Alas, I can overeat with folks and when alone. The latter can be caused more by loneliness than anything else, but I can't say I only overeat in certain situations.

I should probably admit that I've been doing some overeating in CA. My vacation is not stopping the overeating that started at the work conference. Ah well, I'm a work in progress in overeating. I pretty much knew that these 2 weeks in CA would not be ones when I lost weight. I'm having a good time though. :) I'm looking at the Pacific in San Simeon right now.

Richard Kuhns on May 17, 2010 at 11:06 PM said...

In any weight loss endeavor, it's important to remember that the brain has two primary directives–pleasure seeking and survival. From childhood we have learned to associate food with both. Associated with pleasure are what most call good emotions–happiness, joy, elation and so on. Associated with survival are what most call bad emotions–frustration, boredom, confusion, anger, depression and so on.

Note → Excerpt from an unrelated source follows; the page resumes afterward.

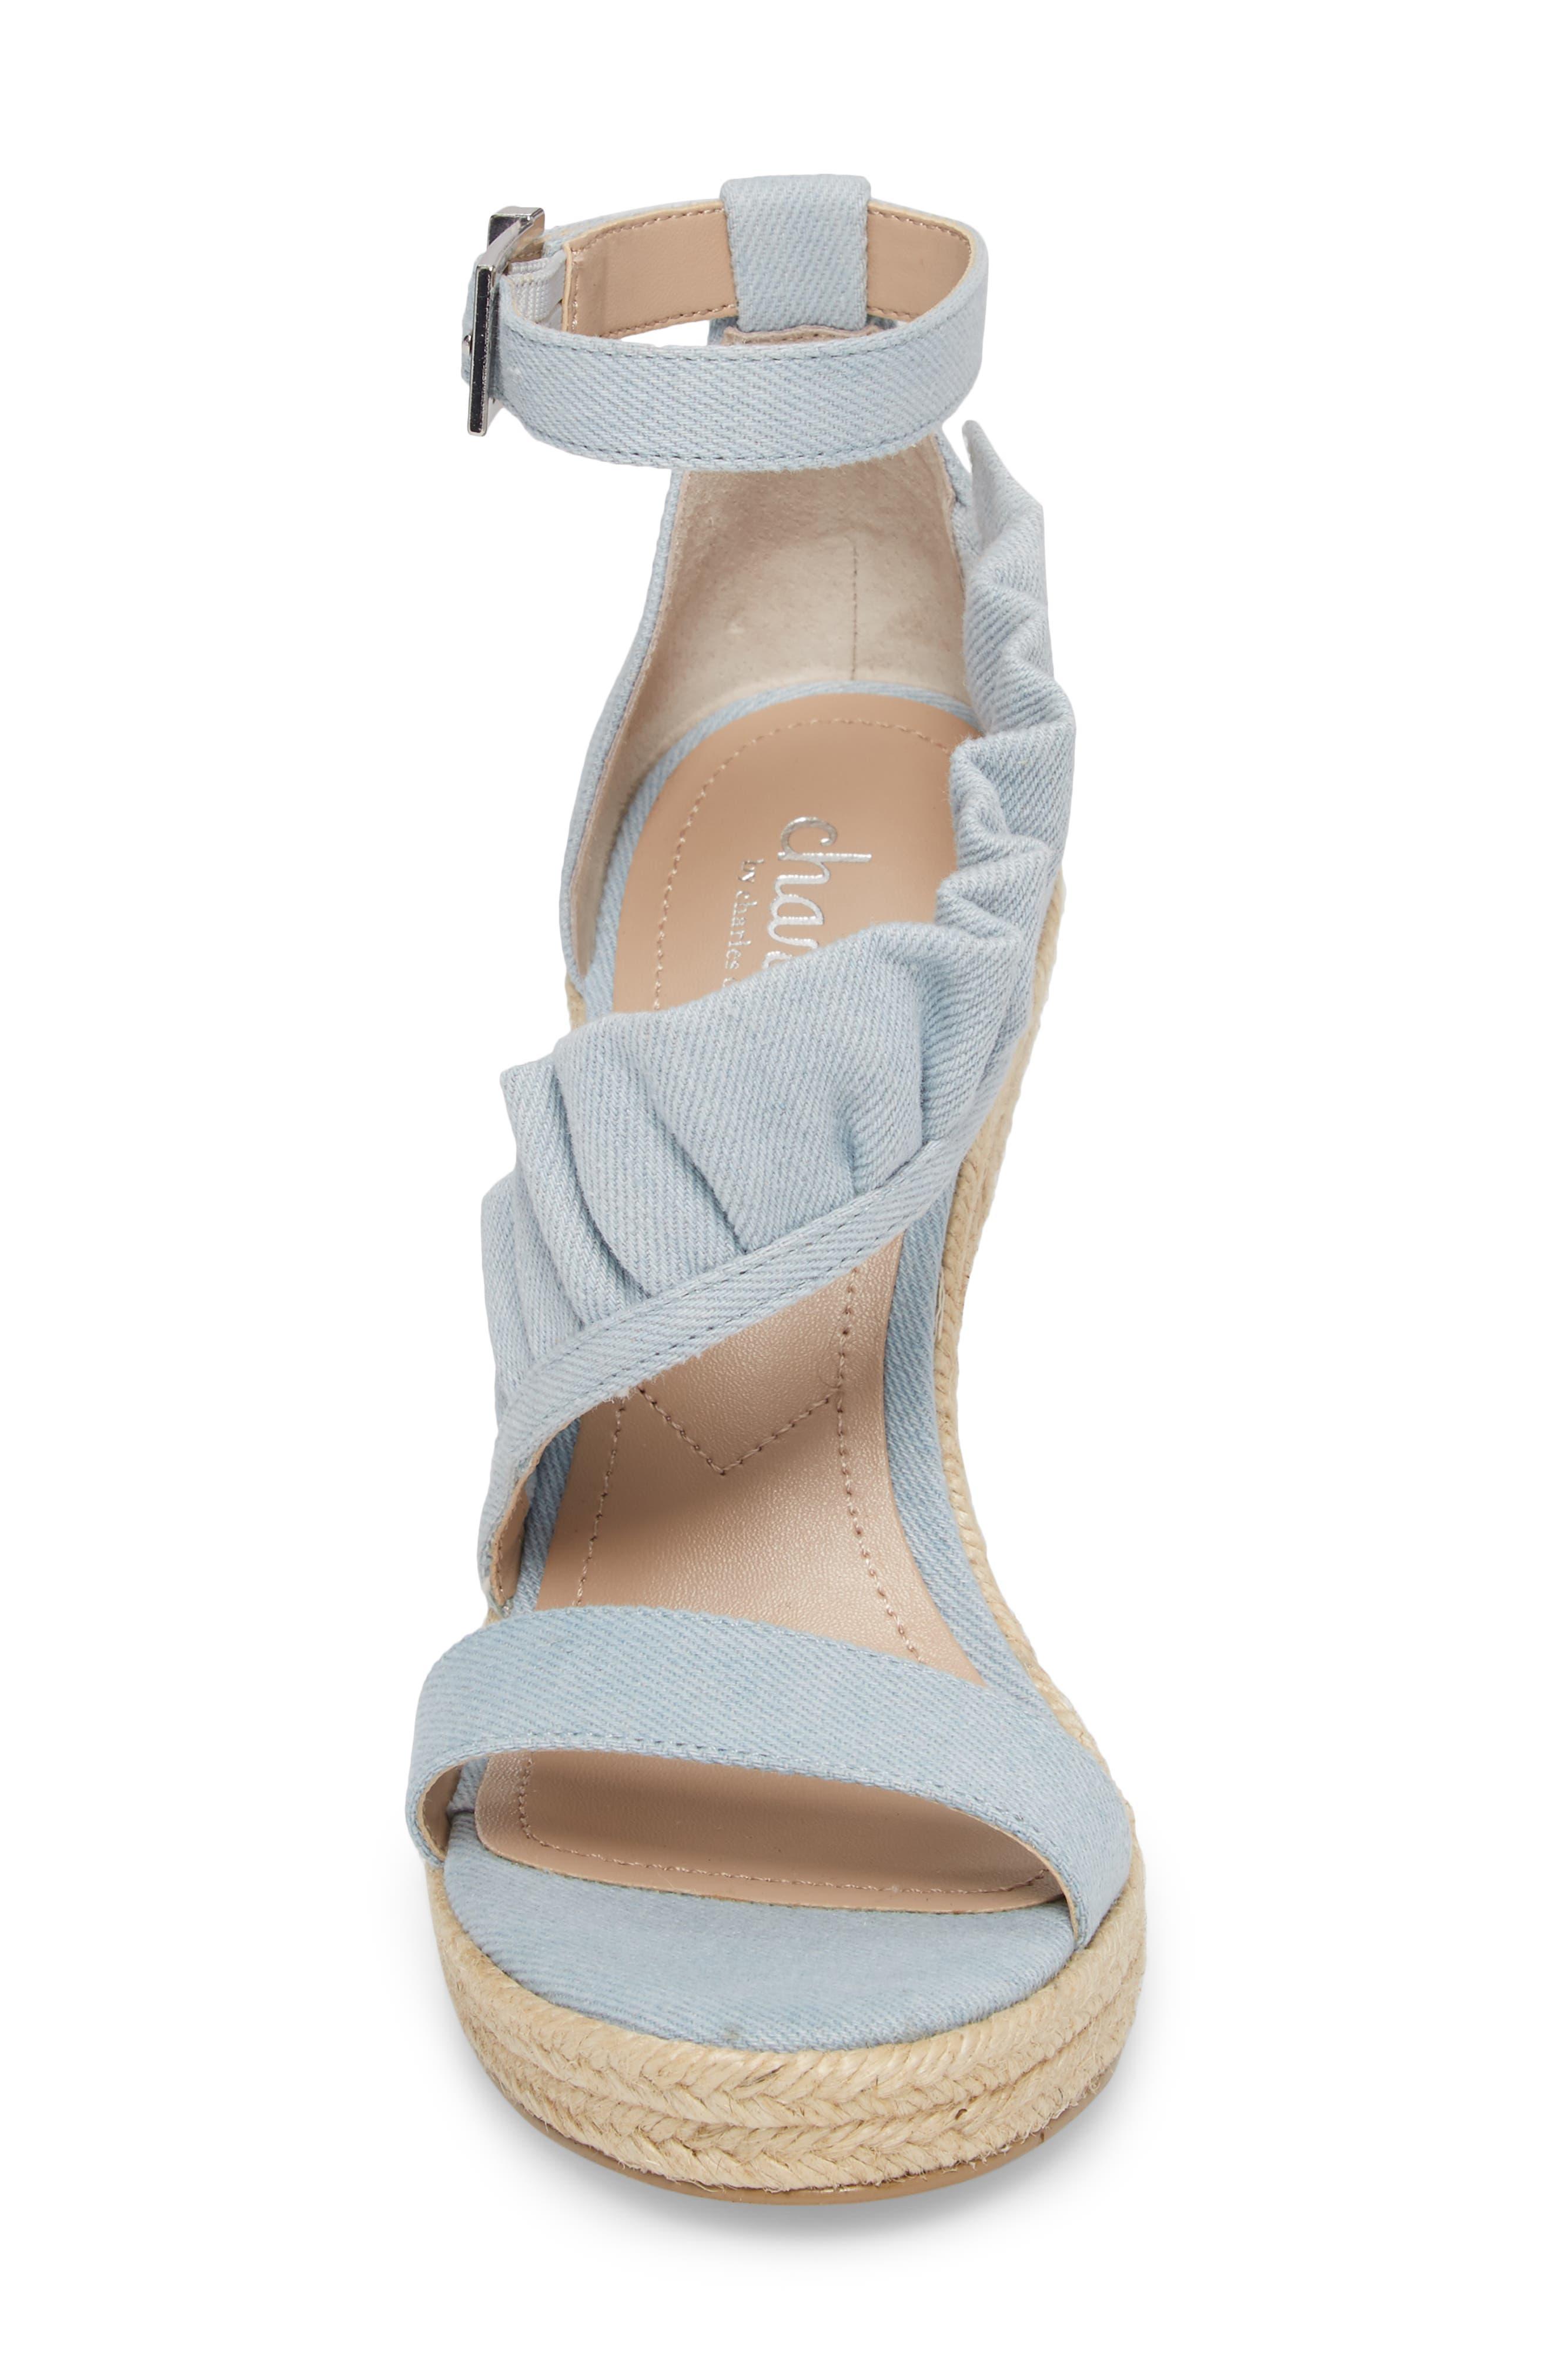 Brooke Espadrille Wedge Sandal,                             Alternate thumbnail 4, color,                             Light Blue Denim
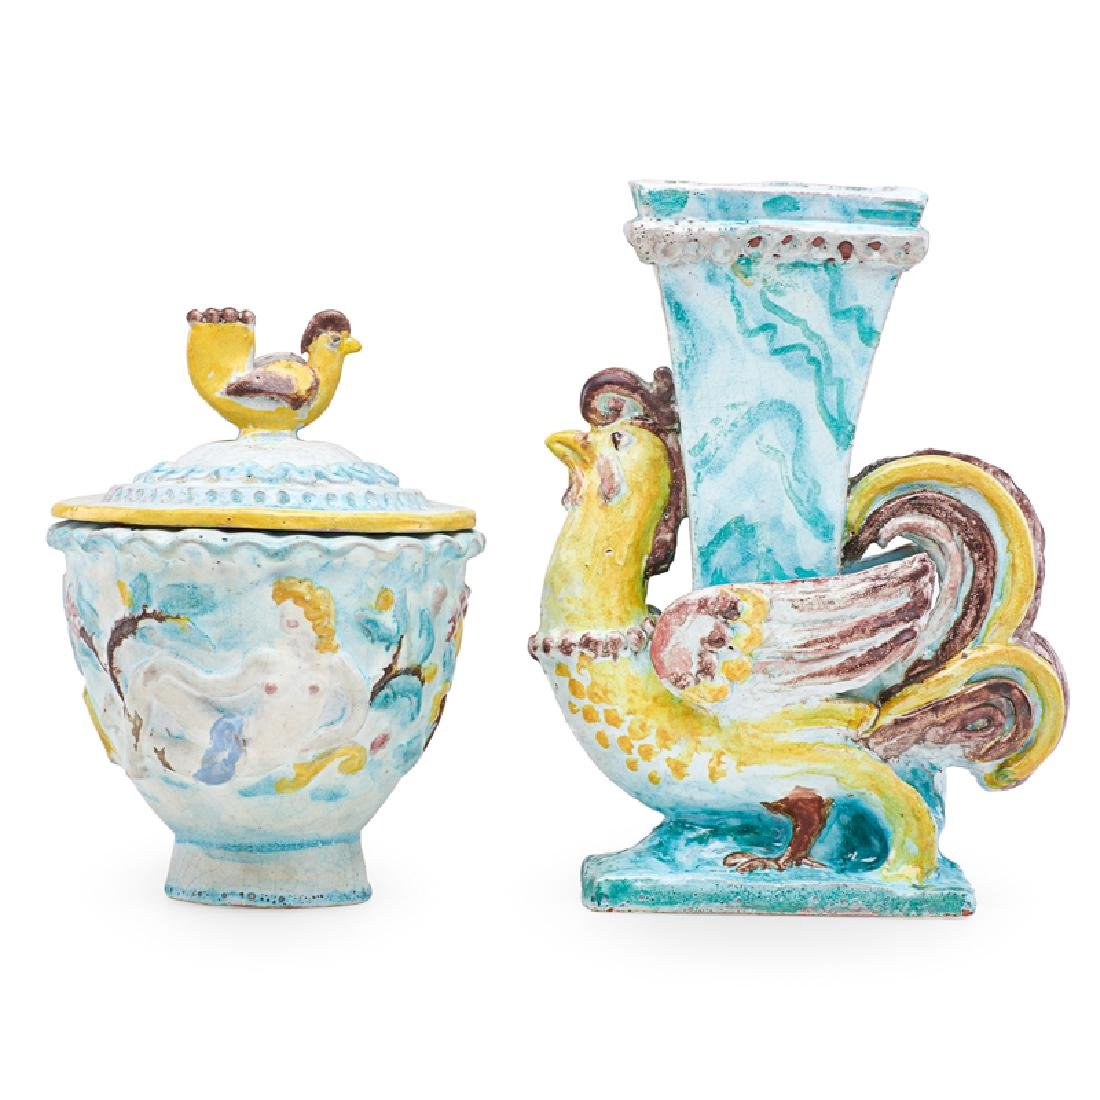 RENE BUTHAUD Vase and lidded vessel

Unfortunately most programs to lose weight or deal with binging focus on food and forget the emotional programming.

Focusing on what you do or do not eat to control or lose weight is like trying to fly by flapping your arms. Better to focus on the stress of the emotion whether it be frustration, happiness, upset, anger, joy and learn to take it straight rather than diluting with food.

Yes, 95% of all diets and eating programs fail. Why? For a free report please go to http://www.EmotionalEatingCure.com

Michelle Butler on May 18, 2010 at 12:13 AM said...

Thanks, Richard. Your advice was helpful.